The draw of cybernetics

The draw of cybernetics

I had a spare Audible credit so I listened to Dan Davies' new book about Stafford Beer a few weeks back. It chimed with some thoughts I've been having since listening to the last General Intellect Unit, which I've been listening to (on and off) since it started in 2017. (I could've sworn it was older than that!) I've been interested in cybernetics for years—I think possibly since I read Matt Webb talking about the anecdote in The Cybernetic Brain about using a pond to control a factory in 2011.

Something that brought into stark relief why I find it such a compelling way of looking at the world is (and I swear I'll get to the point soon and stop just linking to things) Leif Wenar's piece in Wired about the problems with Effective Altruism, Even The Mosquito Nets. Wenar's criticisms are all very valid and extremely sad, and I found myself feeling a vague despair at the possibility of much positive change bigger than that we can achieve interpersonally.

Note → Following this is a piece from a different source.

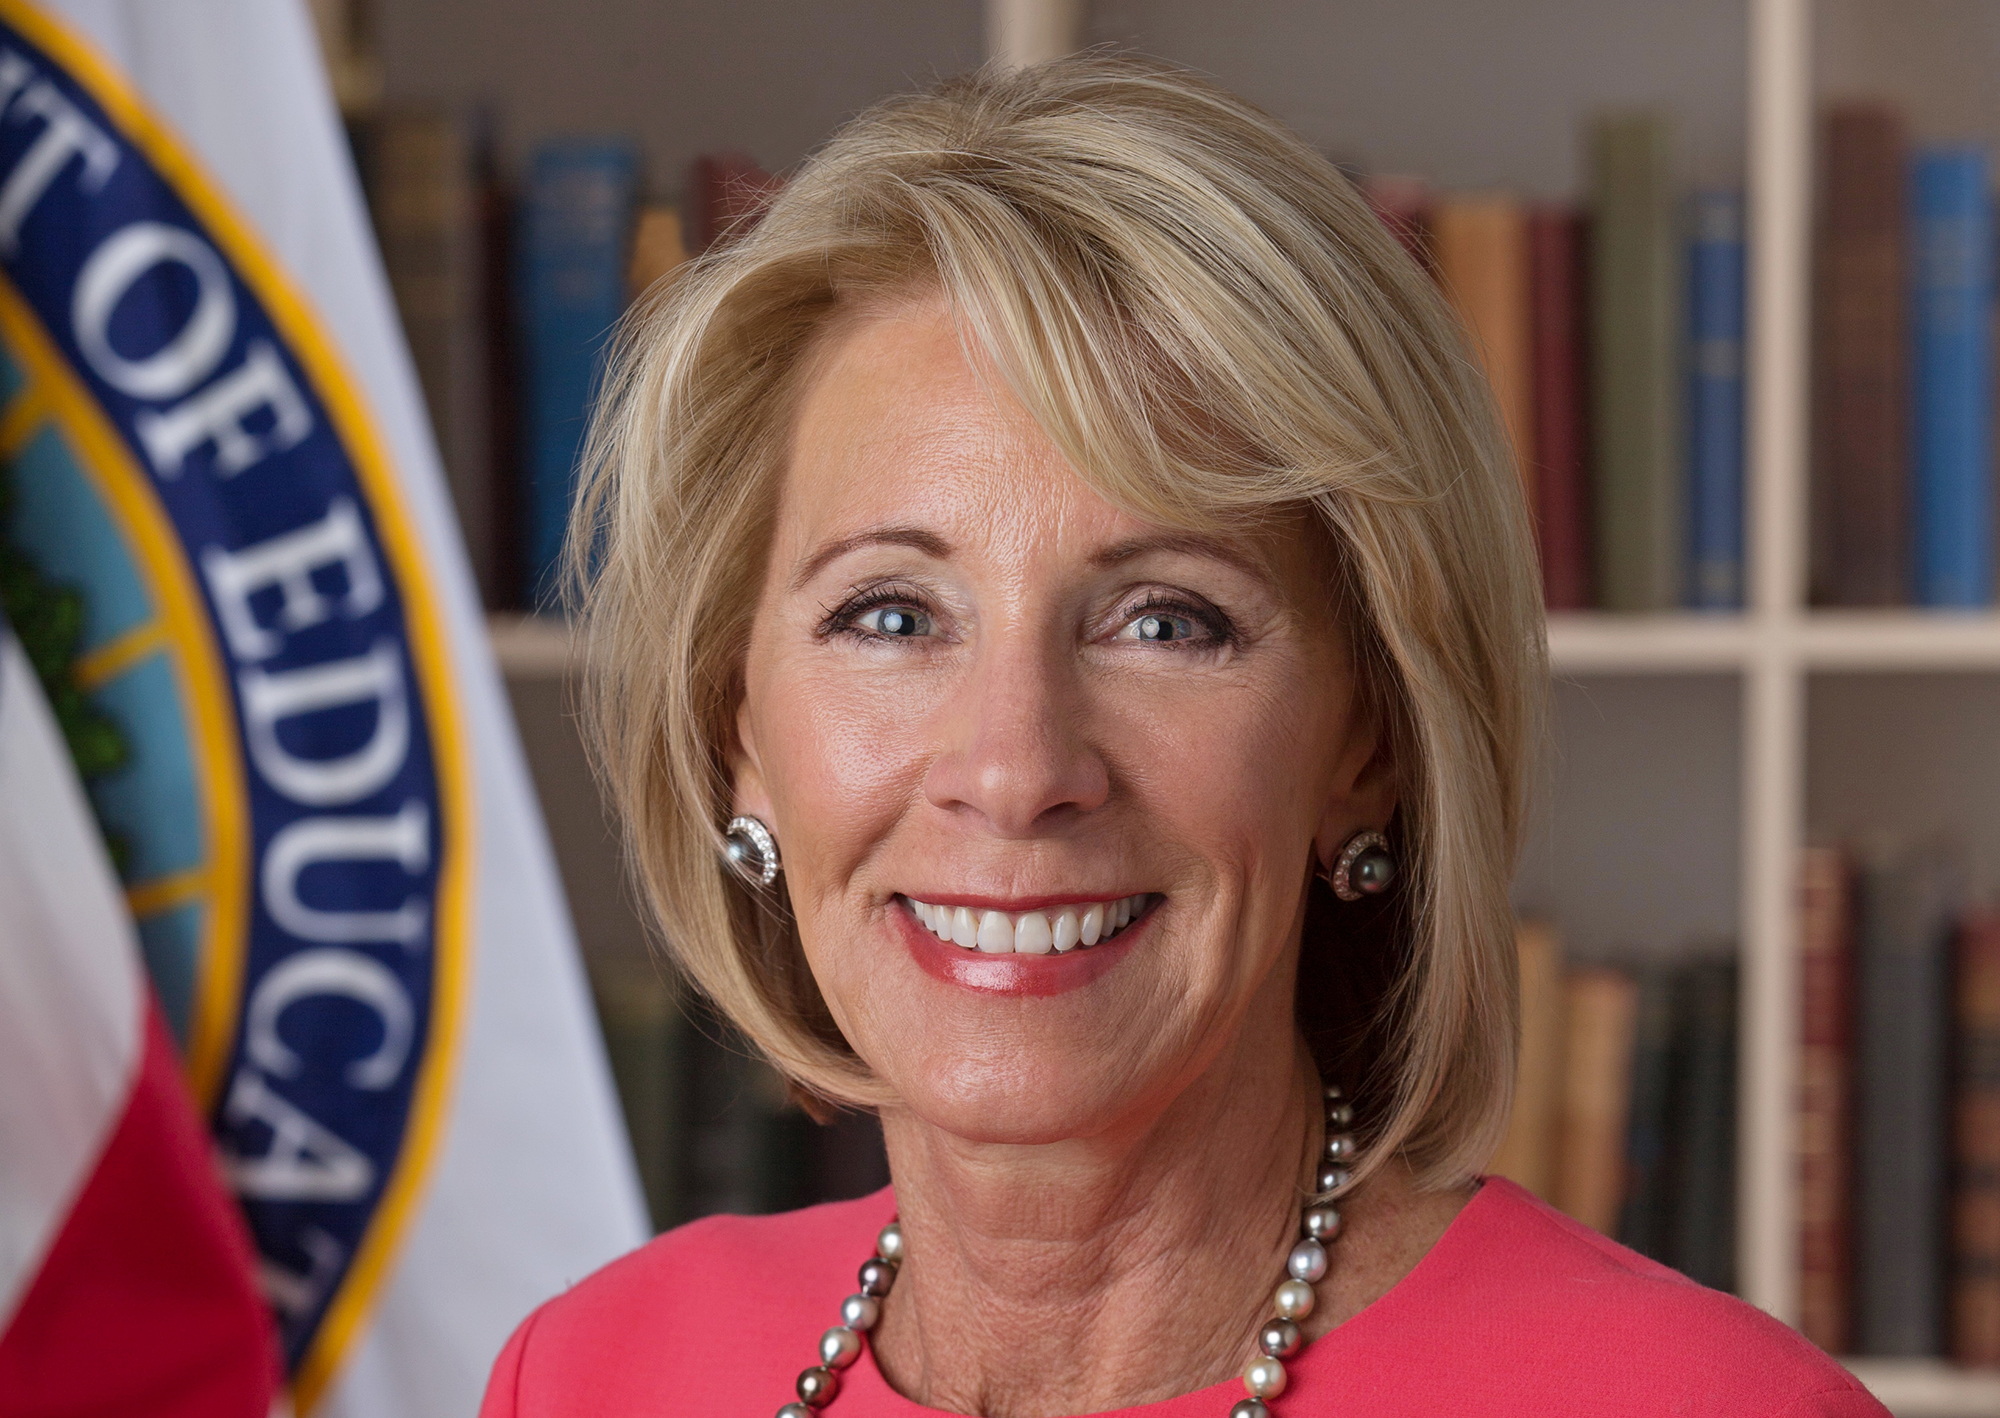 Education Secretary Betsy DeVos “Resets” Rules On For-Profit Colleges

But then I remembered problem is not that no large-scale positive change is possible: the problem is that actions have second-order effects and unintended consequnces and they can and should be thought about and mitigated rather than just shrugged off or ignored. What better way to do this than to try and build systems in a way that accomodates them? Absent that accommodation, effective altruism is just a way for a bunch of California techno-hippies to poison African watercourses; as the man himself said, the purpose of the system is what it does.